DFS. Collect the maximum and minimum value of each subtree, and compare them with the subtree's root.

Faults:

1. **[WA]** Integer.MAX_VALUE and Integer.MIN_VALUE appear in the input.
2. **[WA]** Same as above.
3. **[WA]** Same as above.

毒奶当 发表于 2018-3-23 09:44
楼主加油。我现在也基本专职刷题。要加个微信交流一下吗? srl_syh

不好意思要休息了才看到…… 明天加你！

Mar. 24th 2018 --- 5 Problems

## 95. Unique Binary Search Trees II (Medium)

First find the answer for i-1 nodes, then try to put one new TreeNode (val = i) in to makeup the answer for i nodes. The new node could be root's father, or the right child of nodes on the rightest side. If new node becomes node K's new right child, then make its original right child new node's left child.

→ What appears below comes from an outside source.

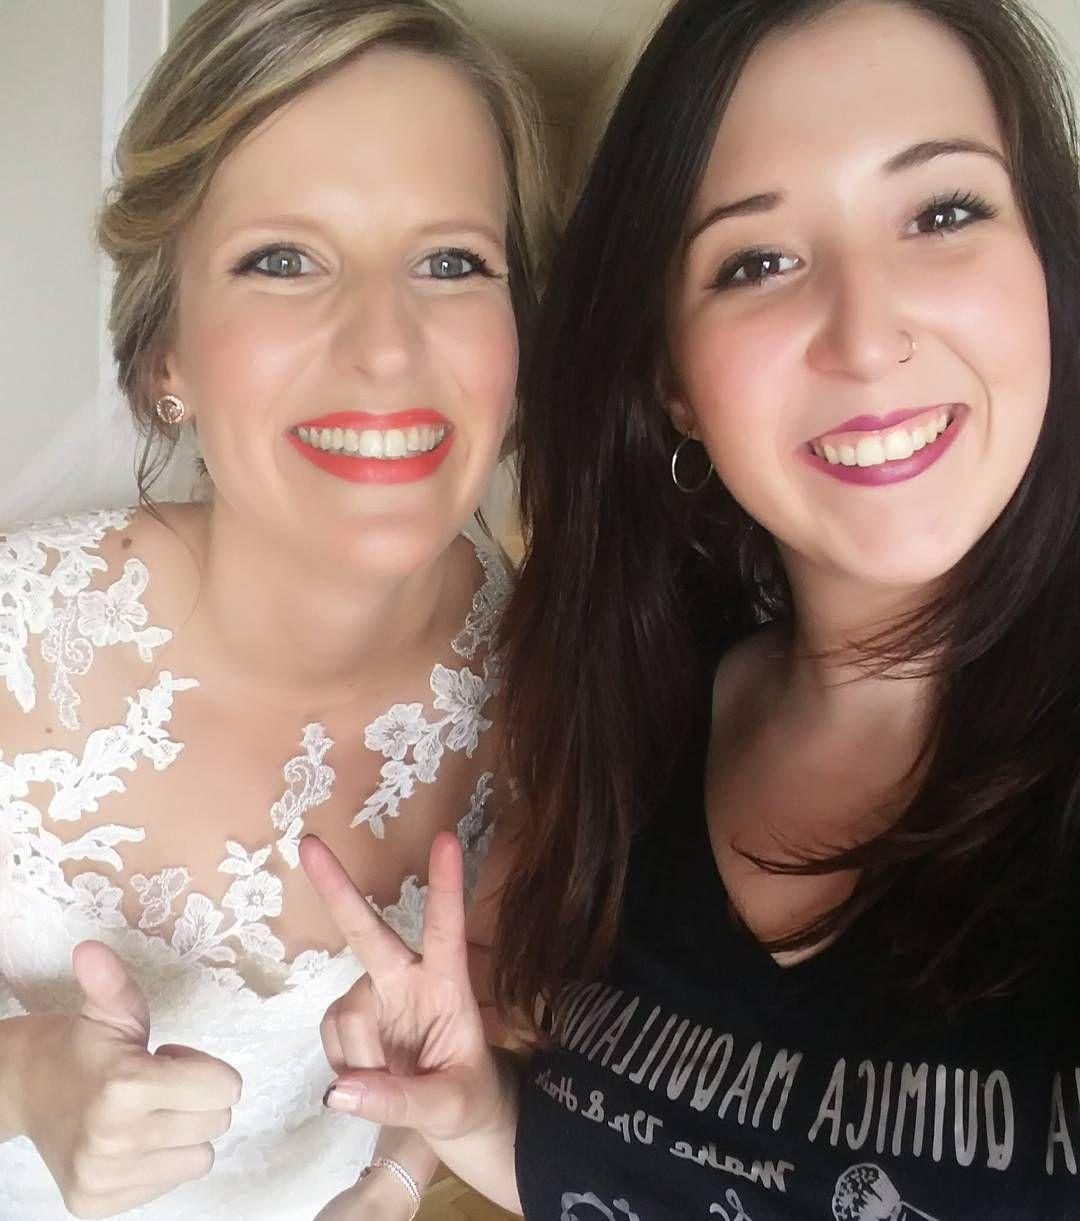 Hoy he tenido el placer de poner mas guapa todavía a Leanaic y su família de la mano de @zoecrespomakeupartist. Madre,hermana,cuñada,suegra y la Novia�� estos han sido nuestros lienzos de hoy���� Gracias a todas por la confianza y sobretodo Gracias a ti Leanaic, te mereces doblemente ser feliz�� . ��Hair & ��Makeup  @merakimuart · #follow Equipo �� @quimica_makeup. @hairdesiree @merakimuart · · #wedding #hair #hairstyle #noviaoriginal #peinadonovia #hairbride #weddingmakeup #noviaconestilo…

## 97. Interleaving String (Hard)

DP. f[j] means the first i characters of s3 matches with the first j characters of s1 and (i - j) characters of s2.

BFS and DFS are not only feasible but also able to achieve a better time performance.

## 99. Recover Binary Search Tree (Hard)

1. Recursion is never O(1) space
2. Morris Traversal http://www.cnblogs.com/AnnieKim/ ... orristraversal.html


## 102. Binary Tree Level Order Traversal (Medium)

BFS.

## 103. Binary Tree Zigzag Level Order Traversal (Medium)

BFS. The same as #102.

Mar. 25th 2018 -- Weekly Contest 77

做Weekly Contest做到心态爆炸。估计Rating要暴跌。
别人几分钟开始出题，十几分钟有几十个人把前三题都清掉，我这里吭吭哧哧半个小时才把前三题做完。
第四题有200+人A掉，我也没做出来，一开始理解错题意，后来忽视了一条条件结果死活找不到够强力的剪枝。

教训：

• 以后做题记录时间，会做的题练习速度。
• 理解题目时候，先亲手把样例算一下。（有时候样例很糟是问题）
• 做DFS的时候多想想剪枝多练习常用处理。
  

## 804. Unique Morse Code Words (Easy)

HashSet.

## 805. Split Array With Same Average (Hard)

DFS. I didn't find strong enough optimization during the contest.

Notice that:
    (avg * B + avg * C) / (B + C) = avg

So both the two lists' average equals to the average of A.

One feasible optimization is like IDDFS, set the sum and num (sum = num * avg) of one list, try to find the answer. If no answer exists, try another range.

Faults:

1. **[WA]** Misunderstand the problem description.
1. **[WA]** x 4, test optimization.
1. **[TLE]** x 3, test optimization.

## 806. Number of Lines To Write String (Easy)

Easier than #68.

## 807. Max Increase to Keep City Skyline (Medium)

Find the largest value in one row and column.